Showing an association is a good start but the important thing is to find out which molecules make that link. For obesity and cancer detail remains obscure but broad outlines are emerging, summarised in the sketch. In obesity fat (adipose) cells increase in both number and size (so it’s a double problem: more cells – and the fat cells themselves are fatter). As this happens other cells are recruited to adipose tissue and, from this cellular cooperative, signalling proteins are released that have the potential to drive tumours. This picture is similar to that of the microenvironment of tumours themselves, where many types of cell infiltrate the new growth. Initially this inflammatory and immune response aims to kill the tumour but if it fails the balance of signalling shifts so that it actually helps the tumour grow.

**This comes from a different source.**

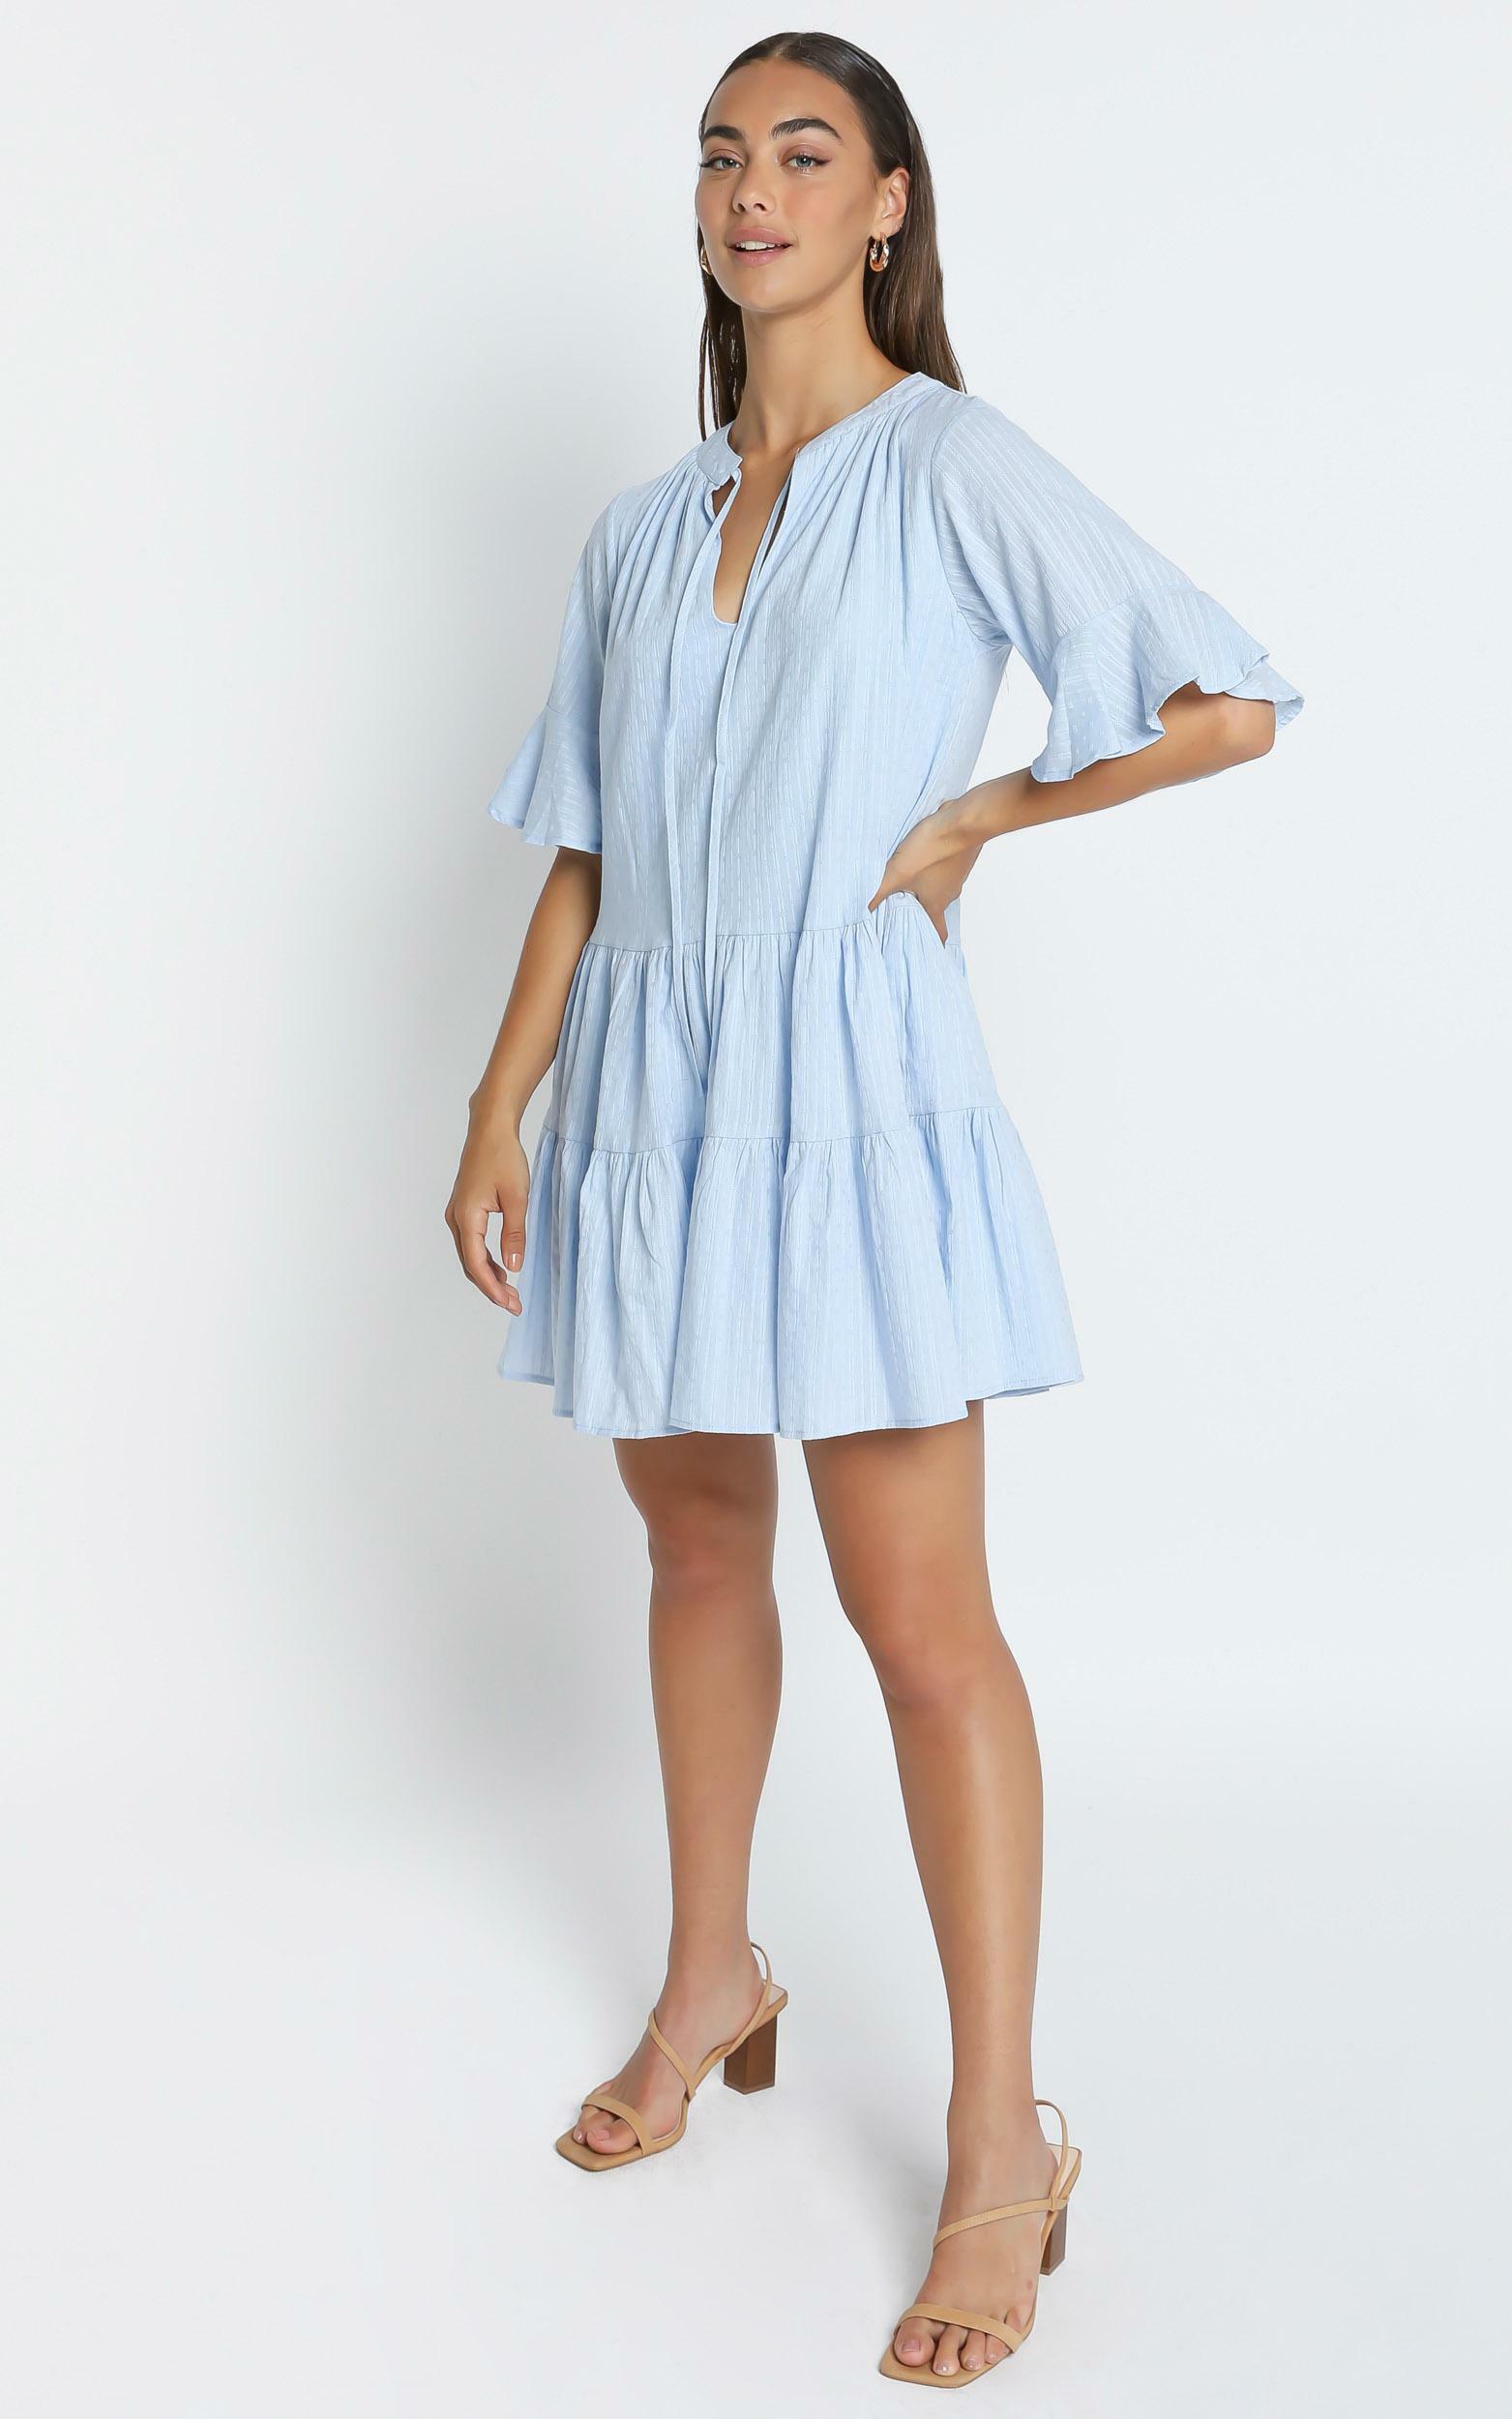 Best Memories Dress In Blue - 6 (XS), Blue, hi-res image number null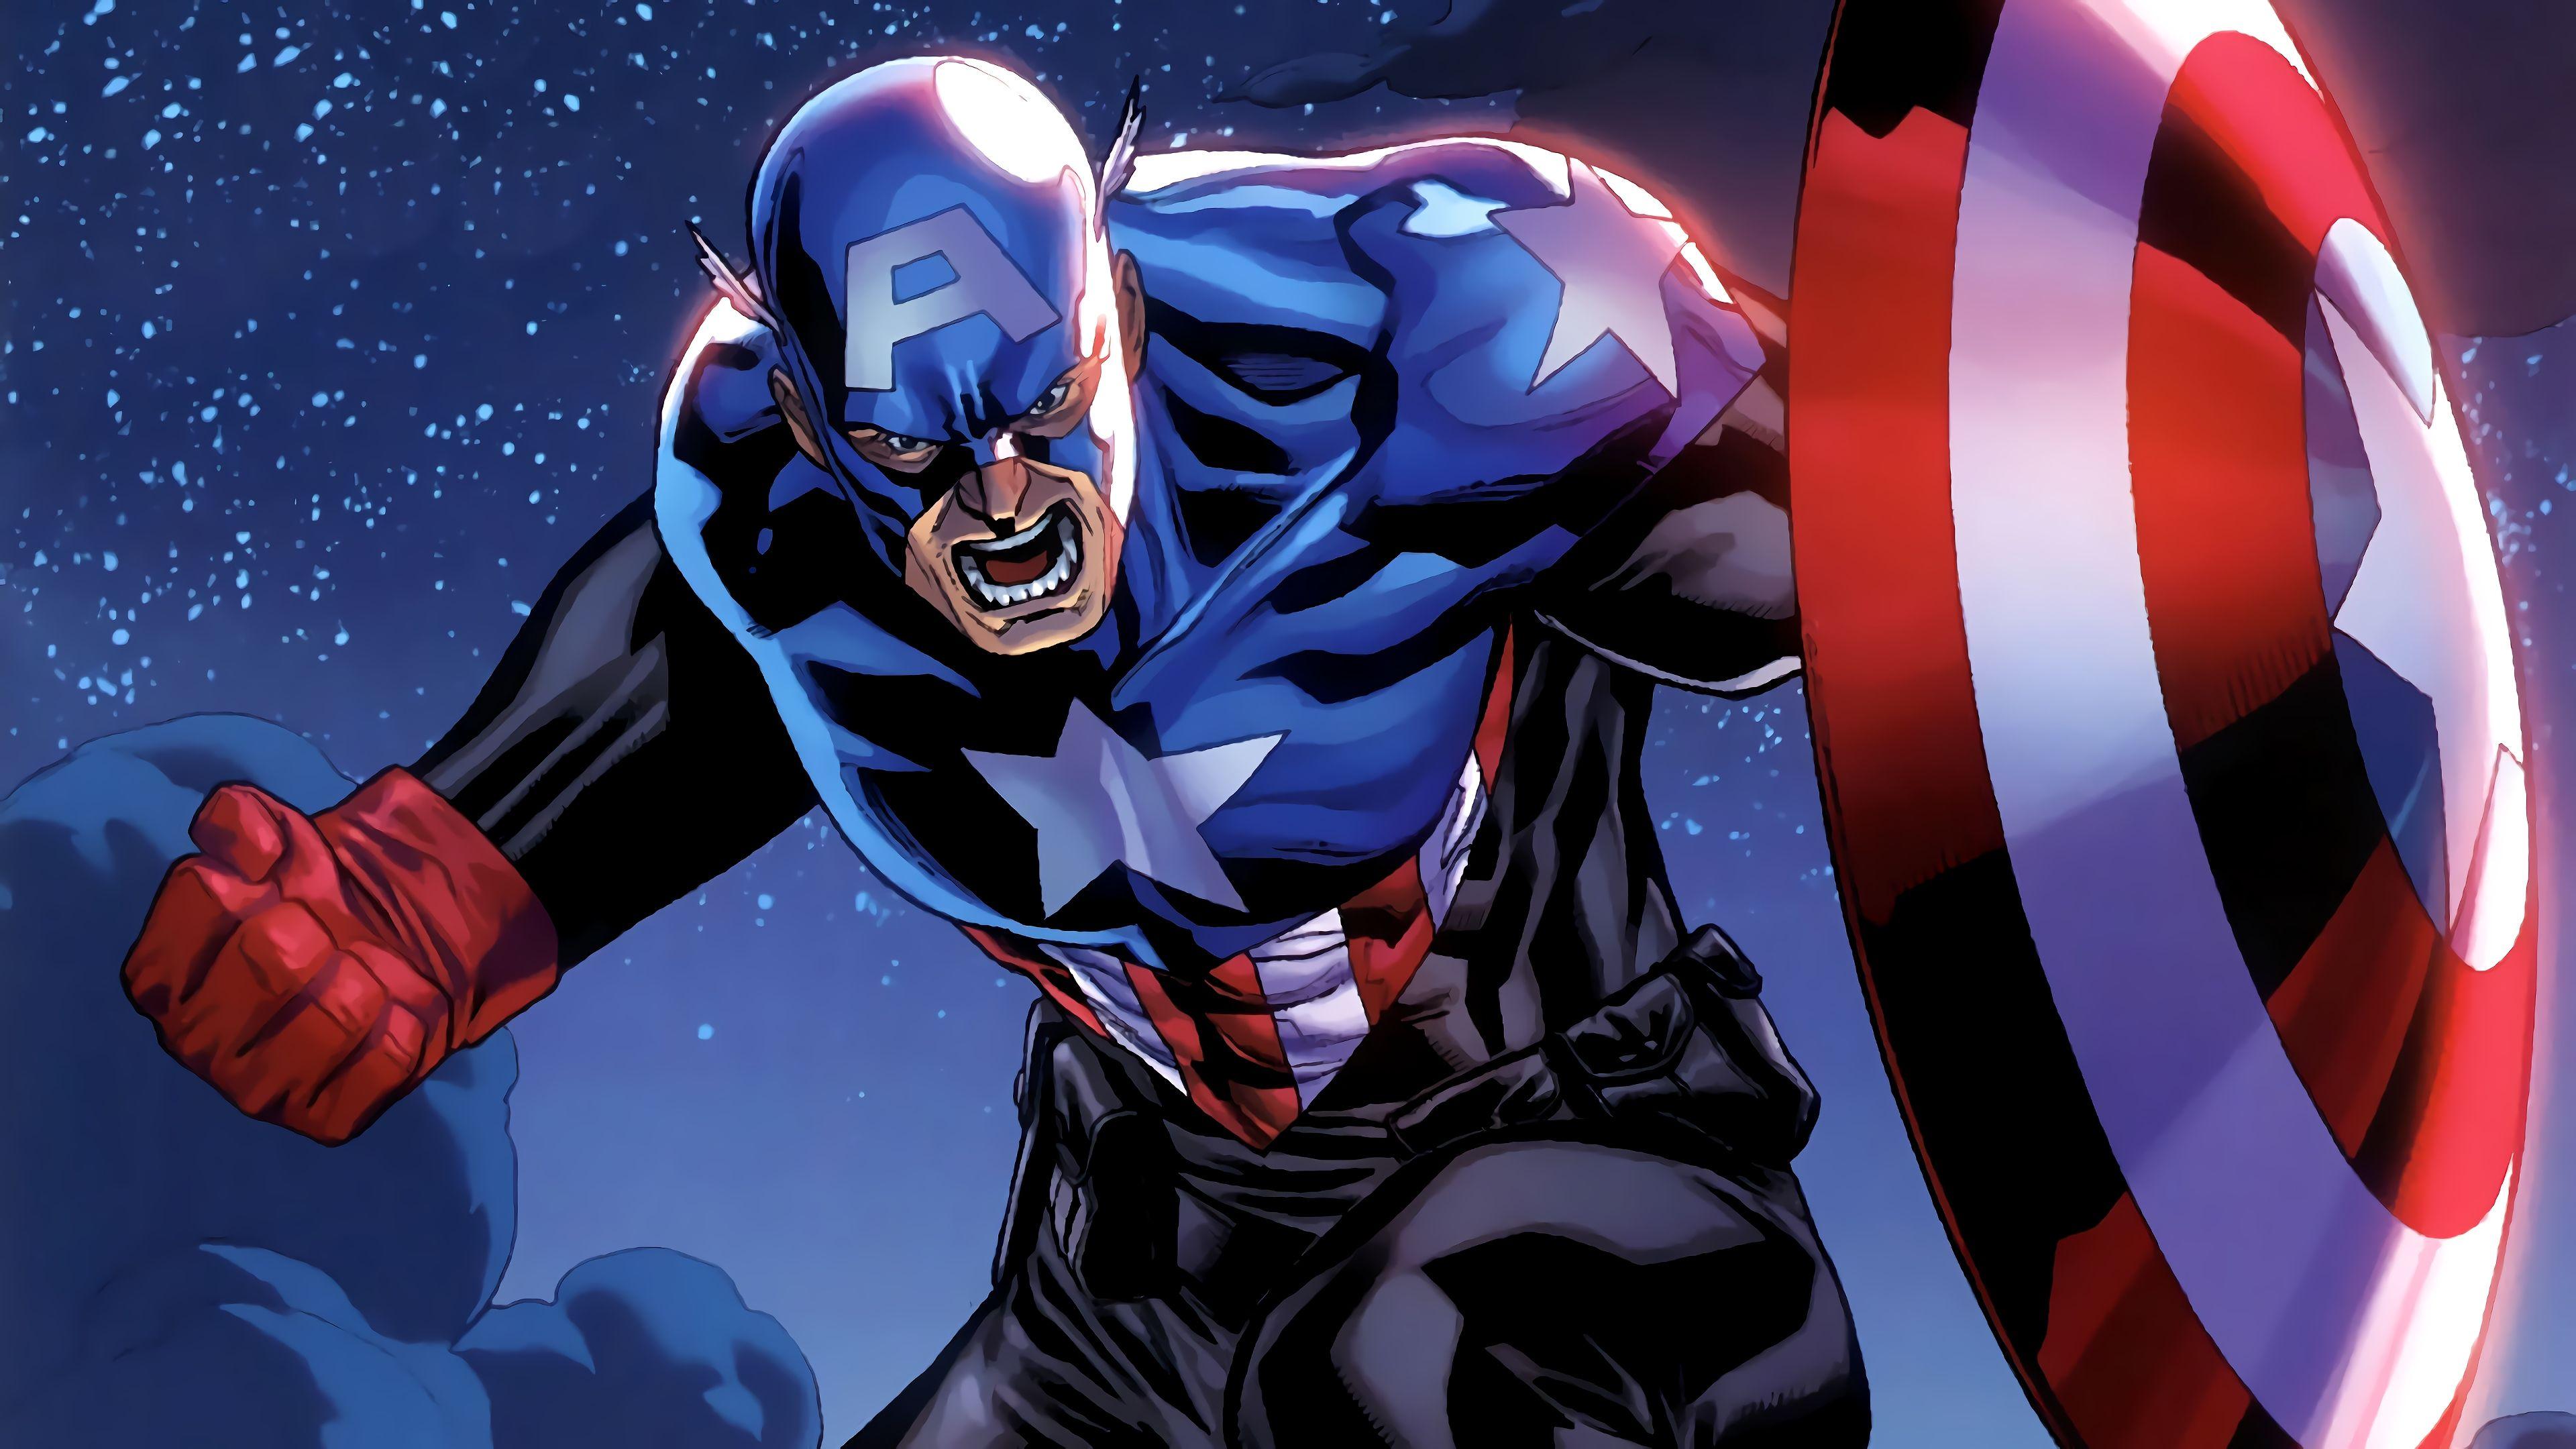 Wallpaper 4k Captain America Marvel Comics 4k Wallpaper Captain

In addition to signals from fat cells themselves, obesity is usually associated with increased levels of circulating growth hormones (e.g., insulin) and of lipids, both of which may also promote tumour development.

Thus many signals with cancerous potential arise in obese individuals. In principle these could initiate tumour growth or they could accelerate it in cancers that have started to develop independently of obesity. So it is complicated – but at least as new signalling strands emerge they offer new targets for drug therapy.

In obesity abnormal signals from fatty tissue can combine with others arising from perturbed metabolism to help cancers develop

Reference

World Cancer Research Fund (WCRF) Panel on Food, Nutrition, Physical Activity, and the Prevention of Cancer (WCRF, 2007).